Varicella-zoster virus (VZV) is ultimately dependent upon its host cell for replication. To ensure its reproduction, VZV reorganizes various cellular functions by taking advantage of pre-existing signalling pathways. Recently, it was demonstrated that the activation of stress-related mitogen-activated protein kinase pathways following infection led to increased phosphorylation of cellular transcription factors involved in VZV gene expression. Here, it was shown that members of the extracellular signal-regulated kinase (ERK) pathway are also influenced following VZV infection: c-Raf remained inactive in infected MeWo cells, whereas MEK1/2 and ERK1/2 were phosphorylated transiently, reaching their highest level of phosphorylation at between 10 and 12 h post-infection.
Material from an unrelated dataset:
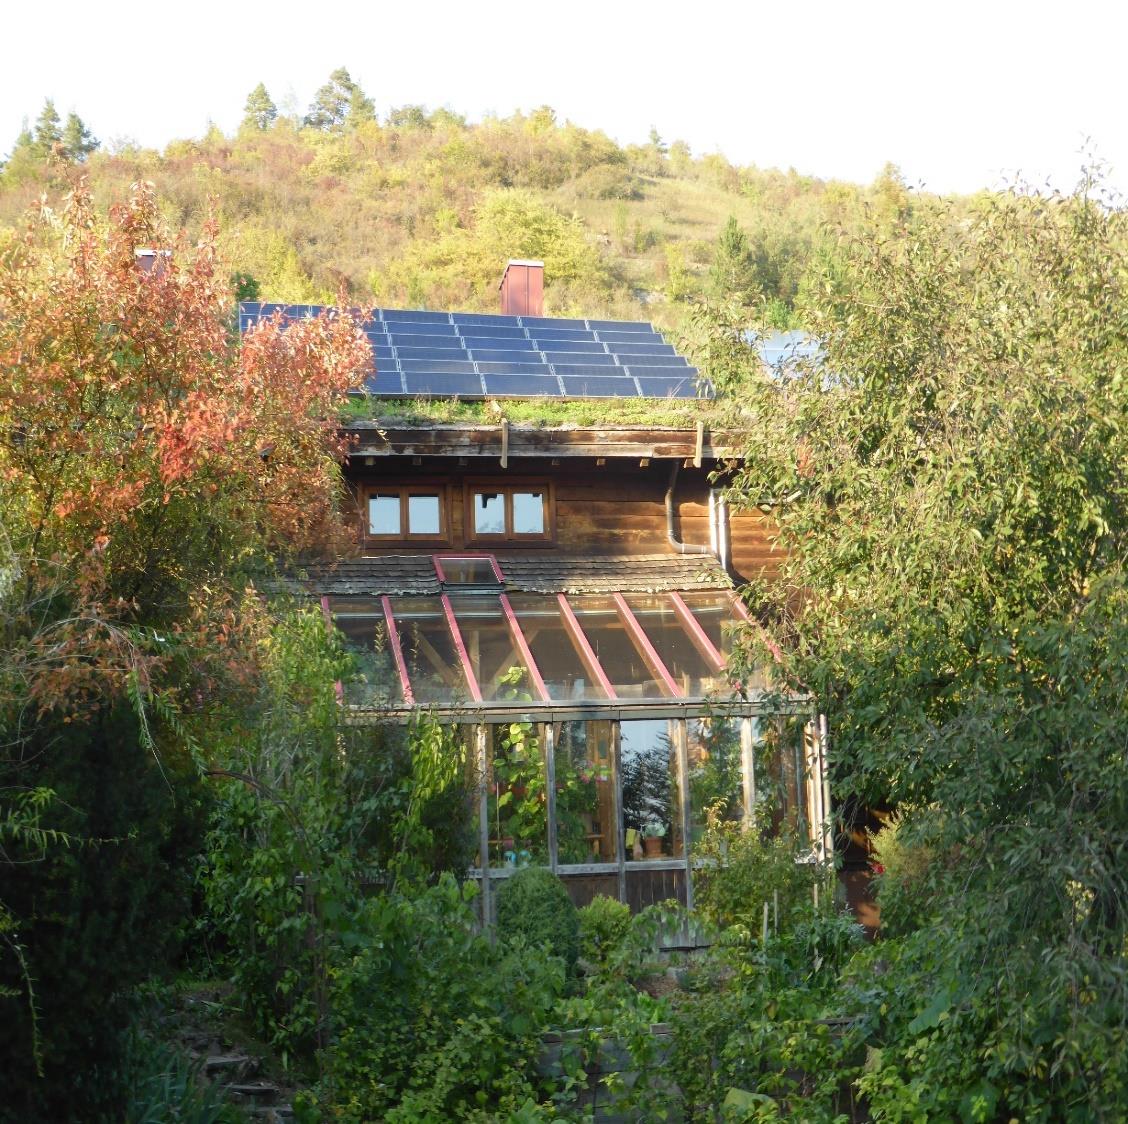 100% Erneuerbare Energien Haus von Hans-Josef Fell seit 1995 Baustoffe: Holz, Grasdach: Kohlenstoffsenken Strom: Sommer:

Inhibition of this pathway resulted in a severe reduction in viral progeny and in an increased apoptotic response, indicating that the functionality of this cascade is essential for successful high-rate replication. In addition, the activities of Bad, a cytoplasmic target of ERK via ribosomal S6 kinase, and the nuclear-localized target c-Myc were analysed. Bad is a member of the Bcl-2 family and has a key function in regulating apoptosis. Pro-apoptotic functions of Bad are repressed by phosphorylation. A 10-fold increase in Bad phosphorylation at Ser-112 was detected following infection, which was suppressed after inhibition of ERK. The transcription factor c-Myc is involved in the regulation of cell growth and apoptosis. By performing immunoblots and quantitative RT-PCR, suppression of c-Myc expression was demonstrated at both the transcriptional and translational levels in VZV-infected cells. These results suggest that VZV optimizes the conditions for its replication in different ways: upregulation of proviral-acting systems and suppression of potentially antiviral-acting systems.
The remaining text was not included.